WHAT THIS TASK INVOLVES - All lines from the one with "Philippines' Hidilyn Diaz" through the final line of the records below must be written out exactly, with no other text.

DATA TO USE -
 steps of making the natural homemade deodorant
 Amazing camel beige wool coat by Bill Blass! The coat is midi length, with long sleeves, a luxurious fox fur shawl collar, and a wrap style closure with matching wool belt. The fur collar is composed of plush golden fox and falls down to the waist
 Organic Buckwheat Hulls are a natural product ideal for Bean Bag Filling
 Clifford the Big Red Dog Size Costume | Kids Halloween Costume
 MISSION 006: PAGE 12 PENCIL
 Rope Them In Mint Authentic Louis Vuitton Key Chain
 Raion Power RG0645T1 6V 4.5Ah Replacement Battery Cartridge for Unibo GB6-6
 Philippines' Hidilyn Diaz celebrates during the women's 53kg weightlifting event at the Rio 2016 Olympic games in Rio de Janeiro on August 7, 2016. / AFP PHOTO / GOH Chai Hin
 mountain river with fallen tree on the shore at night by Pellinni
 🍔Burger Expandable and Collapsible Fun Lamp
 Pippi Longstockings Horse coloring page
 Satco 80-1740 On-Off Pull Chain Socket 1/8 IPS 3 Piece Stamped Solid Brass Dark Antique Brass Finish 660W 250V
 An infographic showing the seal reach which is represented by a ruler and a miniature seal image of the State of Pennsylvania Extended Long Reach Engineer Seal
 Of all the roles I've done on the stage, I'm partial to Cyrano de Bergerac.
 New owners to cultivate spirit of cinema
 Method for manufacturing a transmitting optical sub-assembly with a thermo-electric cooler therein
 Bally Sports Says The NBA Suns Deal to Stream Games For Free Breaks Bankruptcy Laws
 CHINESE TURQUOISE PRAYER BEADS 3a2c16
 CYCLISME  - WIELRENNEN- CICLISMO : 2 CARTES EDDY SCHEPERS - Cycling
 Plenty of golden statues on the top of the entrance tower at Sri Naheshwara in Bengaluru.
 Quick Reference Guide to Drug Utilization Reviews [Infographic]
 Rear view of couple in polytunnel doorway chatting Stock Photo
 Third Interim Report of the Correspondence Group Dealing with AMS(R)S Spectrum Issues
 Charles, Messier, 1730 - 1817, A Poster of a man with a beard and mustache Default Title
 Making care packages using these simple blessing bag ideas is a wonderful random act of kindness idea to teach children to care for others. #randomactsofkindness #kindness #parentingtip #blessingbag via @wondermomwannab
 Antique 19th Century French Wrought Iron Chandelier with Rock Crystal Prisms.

TASK ANSWER -
 Philippines' Hidilyn Diaz celebrates during the women's 53kg weightlifting event at the Rio 2016 Olympic games in Rio de Janeiro on August 7, 2016. / AFP PHOTO / GOH Chai Hin
 mountain river with fallen tree on the shore at night by Pellinni
 🍔Burger Expandable and Collapsible Fun Lamp
 Pippi Longstockings Horse coloring page
 Satco 80-1740 On-Off Pull Chain Socket 1/8 IPS 3 Piece Stamped Solid Brass Dark Antique Brass Finish 660W 250V
 An infographic showing the seal reach which is represented by a ruler and a miniature seal image of the State of Pennsylvania Extended Long Reach Engineer Seal
 Of all the roles I've done on the stage, I'm partial to Cyrano de Bergerac.
 New owners to cultivate spirit of cinema
 Method for manufacturing a transmitting optical sub-assembly with a thermo-electric cooler therein
 Bally Sports Says The NBA Suns Deal to Stream Games For Free Breaks Bankruptcy Laws
 CHINESE TURQUOISE PRAYER BEADS 3a2c16
 CYCLISME  - WIELRENNEN- CICLISMO : 2 CARTES EDDY SCHEPERS - Cycling
 Plenty of golden statues on the top of the entrance tower at Sri Naheshwara in Bengaluru.
 Quick Reference Guide to Drug Utilization Reviews [Infographic]
 Rear view of couple in polytunnel doorway chatting Stock Photo
 Third Interim Report of the Correspondence Group Dealing with AMS(R)S Spectrum Issues
 Charles, Messier, 1730 - 1817, A Poster of a man with a beard and mustache Default Title
 Making care packages using these simple blessing bag ideas is a wonderful random act of kindness idea to teach children to care for others. #randomactsofkindness #kindness #parentingtip #blessingbag via @wondermomwannab
 Antique 19th Century French Wrought Iron Chandelier with Rock Crystal Prisms.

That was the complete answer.